Records from a data collection:

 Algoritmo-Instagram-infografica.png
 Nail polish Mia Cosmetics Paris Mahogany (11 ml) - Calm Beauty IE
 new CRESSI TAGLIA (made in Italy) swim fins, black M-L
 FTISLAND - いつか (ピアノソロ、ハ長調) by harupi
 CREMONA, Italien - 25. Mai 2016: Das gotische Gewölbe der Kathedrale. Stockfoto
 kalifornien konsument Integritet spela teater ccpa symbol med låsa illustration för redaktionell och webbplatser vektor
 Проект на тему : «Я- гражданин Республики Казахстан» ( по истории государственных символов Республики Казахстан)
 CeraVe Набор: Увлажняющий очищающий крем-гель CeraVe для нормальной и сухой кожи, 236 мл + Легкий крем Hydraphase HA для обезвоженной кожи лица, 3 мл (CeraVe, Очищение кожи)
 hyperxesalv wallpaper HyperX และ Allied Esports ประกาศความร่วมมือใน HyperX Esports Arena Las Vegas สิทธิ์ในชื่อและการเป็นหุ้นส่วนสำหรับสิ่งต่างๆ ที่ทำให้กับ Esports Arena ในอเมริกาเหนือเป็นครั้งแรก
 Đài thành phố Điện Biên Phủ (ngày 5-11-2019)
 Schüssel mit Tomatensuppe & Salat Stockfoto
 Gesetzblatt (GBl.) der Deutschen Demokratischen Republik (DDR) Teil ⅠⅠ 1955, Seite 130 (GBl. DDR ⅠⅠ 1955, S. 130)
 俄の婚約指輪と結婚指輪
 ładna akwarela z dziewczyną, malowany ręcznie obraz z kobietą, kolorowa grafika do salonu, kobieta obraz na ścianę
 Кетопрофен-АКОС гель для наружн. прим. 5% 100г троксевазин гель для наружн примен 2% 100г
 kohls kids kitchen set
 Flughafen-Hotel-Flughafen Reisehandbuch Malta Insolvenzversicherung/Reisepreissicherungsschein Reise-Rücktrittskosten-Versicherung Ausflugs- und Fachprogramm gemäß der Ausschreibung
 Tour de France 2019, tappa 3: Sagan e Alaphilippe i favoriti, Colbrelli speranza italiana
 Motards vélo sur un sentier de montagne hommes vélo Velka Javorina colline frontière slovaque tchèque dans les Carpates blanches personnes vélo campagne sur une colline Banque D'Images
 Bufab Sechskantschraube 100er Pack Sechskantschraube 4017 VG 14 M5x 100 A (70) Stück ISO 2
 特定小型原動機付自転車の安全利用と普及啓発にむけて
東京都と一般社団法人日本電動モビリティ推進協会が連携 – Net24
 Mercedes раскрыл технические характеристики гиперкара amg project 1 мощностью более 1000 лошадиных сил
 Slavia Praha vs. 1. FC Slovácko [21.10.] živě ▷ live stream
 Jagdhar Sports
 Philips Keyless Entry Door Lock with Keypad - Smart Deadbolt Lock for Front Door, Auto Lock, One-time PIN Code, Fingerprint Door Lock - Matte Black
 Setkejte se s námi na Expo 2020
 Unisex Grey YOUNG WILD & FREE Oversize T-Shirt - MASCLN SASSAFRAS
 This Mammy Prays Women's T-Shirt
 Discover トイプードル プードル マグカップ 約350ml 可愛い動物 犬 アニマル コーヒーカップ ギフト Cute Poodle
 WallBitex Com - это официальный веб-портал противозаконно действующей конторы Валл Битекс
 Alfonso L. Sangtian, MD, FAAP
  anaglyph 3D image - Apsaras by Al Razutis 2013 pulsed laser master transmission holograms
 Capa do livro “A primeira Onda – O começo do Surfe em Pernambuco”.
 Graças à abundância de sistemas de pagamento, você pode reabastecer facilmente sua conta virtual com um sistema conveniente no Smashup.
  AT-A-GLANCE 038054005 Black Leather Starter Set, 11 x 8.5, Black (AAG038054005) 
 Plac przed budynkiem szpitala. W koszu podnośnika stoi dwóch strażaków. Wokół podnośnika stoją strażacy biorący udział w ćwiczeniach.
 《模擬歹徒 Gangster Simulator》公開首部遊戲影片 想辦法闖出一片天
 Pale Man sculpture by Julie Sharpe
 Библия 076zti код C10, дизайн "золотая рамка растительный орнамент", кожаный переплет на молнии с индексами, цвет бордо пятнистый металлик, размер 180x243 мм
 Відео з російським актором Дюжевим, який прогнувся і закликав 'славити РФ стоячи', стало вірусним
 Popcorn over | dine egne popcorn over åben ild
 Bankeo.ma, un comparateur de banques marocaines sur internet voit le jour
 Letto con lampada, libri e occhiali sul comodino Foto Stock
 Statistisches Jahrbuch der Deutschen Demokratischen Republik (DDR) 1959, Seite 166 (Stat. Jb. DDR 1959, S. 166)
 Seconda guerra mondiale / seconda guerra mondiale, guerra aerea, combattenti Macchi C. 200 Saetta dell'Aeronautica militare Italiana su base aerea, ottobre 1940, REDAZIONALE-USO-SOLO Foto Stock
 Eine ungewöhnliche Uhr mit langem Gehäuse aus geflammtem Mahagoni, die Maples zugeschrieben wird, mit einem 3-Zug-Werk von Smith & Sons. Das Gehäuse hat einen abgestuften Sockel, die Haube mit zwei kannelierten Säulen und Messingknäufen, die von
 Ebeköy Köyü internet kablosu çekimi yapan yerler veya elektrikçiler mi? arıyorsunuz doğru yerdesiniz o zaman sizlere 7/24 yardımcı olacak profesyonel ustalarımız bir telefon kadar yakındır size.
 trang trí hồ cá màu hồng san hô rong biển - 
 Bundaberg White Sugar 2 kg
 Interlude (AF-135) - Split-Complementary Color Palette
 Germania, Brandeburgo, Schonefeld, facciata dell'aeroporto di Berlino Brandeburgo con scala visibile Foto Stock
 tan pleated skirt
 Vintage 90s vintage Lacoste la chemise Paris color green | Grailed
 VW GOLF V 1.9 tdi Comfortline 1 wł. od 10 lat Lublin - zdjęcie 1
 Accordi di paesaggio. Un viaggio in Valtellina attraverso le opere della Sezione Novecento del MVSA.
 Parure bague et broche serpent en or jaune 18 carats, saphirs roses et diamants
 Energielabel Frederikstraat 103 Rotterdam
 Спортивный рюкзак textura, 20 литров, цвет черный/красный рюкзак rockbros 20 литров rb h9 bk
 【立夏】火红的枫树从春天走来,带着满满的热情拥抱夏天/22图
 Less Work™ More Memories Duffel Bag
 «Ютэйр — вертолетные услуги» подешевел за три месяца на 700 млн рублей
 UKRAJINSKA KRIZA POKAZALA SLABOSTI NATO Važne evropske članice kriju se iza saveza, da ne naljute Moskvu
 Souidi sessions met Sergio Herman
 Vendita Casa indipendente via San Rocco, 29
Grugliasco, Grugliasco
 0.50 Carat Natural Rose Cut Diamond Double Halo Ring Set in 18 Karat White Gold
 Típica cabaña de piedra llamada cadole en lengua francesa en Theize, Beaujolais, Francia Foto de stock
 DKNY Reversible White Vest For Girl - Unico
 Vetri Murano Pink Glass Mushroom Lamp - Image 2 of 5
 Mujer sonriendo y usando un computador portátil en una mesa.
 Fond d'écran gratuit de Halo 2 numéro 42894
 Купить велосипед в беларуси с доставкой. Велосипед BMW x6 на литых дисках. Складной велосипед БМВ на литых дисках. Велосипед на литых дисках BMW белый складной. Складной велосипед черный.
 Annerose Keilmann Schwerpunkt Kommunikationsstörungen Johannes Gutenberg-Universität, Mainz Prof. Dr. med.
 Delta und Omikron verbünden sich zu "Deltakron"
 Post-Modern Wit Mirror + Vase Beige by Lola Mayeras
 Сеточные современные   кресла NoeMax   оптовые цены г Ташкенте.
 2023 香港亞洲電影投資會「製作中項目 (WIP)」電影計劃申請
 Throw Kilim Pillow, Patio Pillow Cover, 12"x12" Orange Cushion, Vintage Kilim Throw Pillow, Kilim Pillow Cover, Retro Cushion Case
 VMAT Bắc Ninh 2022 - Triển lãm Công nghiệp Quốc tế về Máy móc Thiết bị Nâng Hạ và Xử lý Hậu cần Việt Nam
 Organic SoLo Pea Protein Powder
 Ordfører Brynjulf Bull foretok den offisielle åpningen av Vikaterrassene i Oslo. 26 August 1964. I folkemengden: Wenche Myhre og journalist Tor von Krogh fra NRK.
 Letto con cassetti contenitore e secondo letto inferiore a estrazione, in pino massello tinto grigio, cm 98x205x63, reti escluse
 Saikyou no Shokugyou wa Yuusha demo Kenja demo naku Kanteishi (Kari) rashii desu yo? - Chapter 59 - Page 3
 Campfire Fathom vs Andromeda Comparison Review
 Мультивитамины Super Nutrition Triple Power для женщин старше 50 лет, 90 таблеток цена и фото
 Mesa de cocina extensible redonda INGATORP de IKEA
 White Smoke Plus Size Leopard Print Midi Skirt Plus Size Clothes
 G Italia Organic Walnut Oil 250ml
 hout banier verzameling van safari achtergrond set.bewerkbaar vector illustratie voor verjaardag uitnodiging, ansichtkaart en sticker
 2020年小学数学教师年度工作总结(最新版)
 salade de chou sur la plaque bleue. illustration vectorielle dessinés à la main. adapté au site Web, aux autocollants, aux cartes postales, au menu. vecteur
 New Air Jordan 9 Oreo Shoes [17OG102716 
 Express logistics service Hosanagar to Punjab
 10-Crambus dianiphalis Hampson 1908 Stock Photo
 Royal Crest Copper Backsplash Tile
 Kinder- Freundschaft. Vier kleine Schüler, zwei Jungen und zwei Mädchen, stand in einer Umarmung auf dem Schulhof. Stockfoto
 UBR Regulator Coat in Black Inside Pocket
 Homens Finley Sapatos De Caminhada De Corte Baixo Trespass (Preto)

**TASK INSTRUCTIONS**. Can you write out the lines above, from the first one through the one containing "Проект на тему", exactly as they appear and nothing more?

**EXERCISE SOLUTION**.
 Algoritmo-Instagram-infografica.png
 Nail polish Mia Cosmetics Paris Mahogany (11 ml) - Calm Beauty IE
 new CRESSI TAGLIA (made in Italy) swim fins, black M-L
 FTISLAND - いつか (ピアノソロ、ハ長調) by harupi
 CREMONA, Italien - 25. Mai 2016: Das gotische Gewölbe der Kathedrale. Stockfoto
 kalifornien konsument Integritet spela teater ccpa symbol med låsa illustration för redaktionell och webbplatser vektor
 Проект на тему : «Я- гражданин Республики Казахстан» ( по истории государственных символов Республики Казахстан)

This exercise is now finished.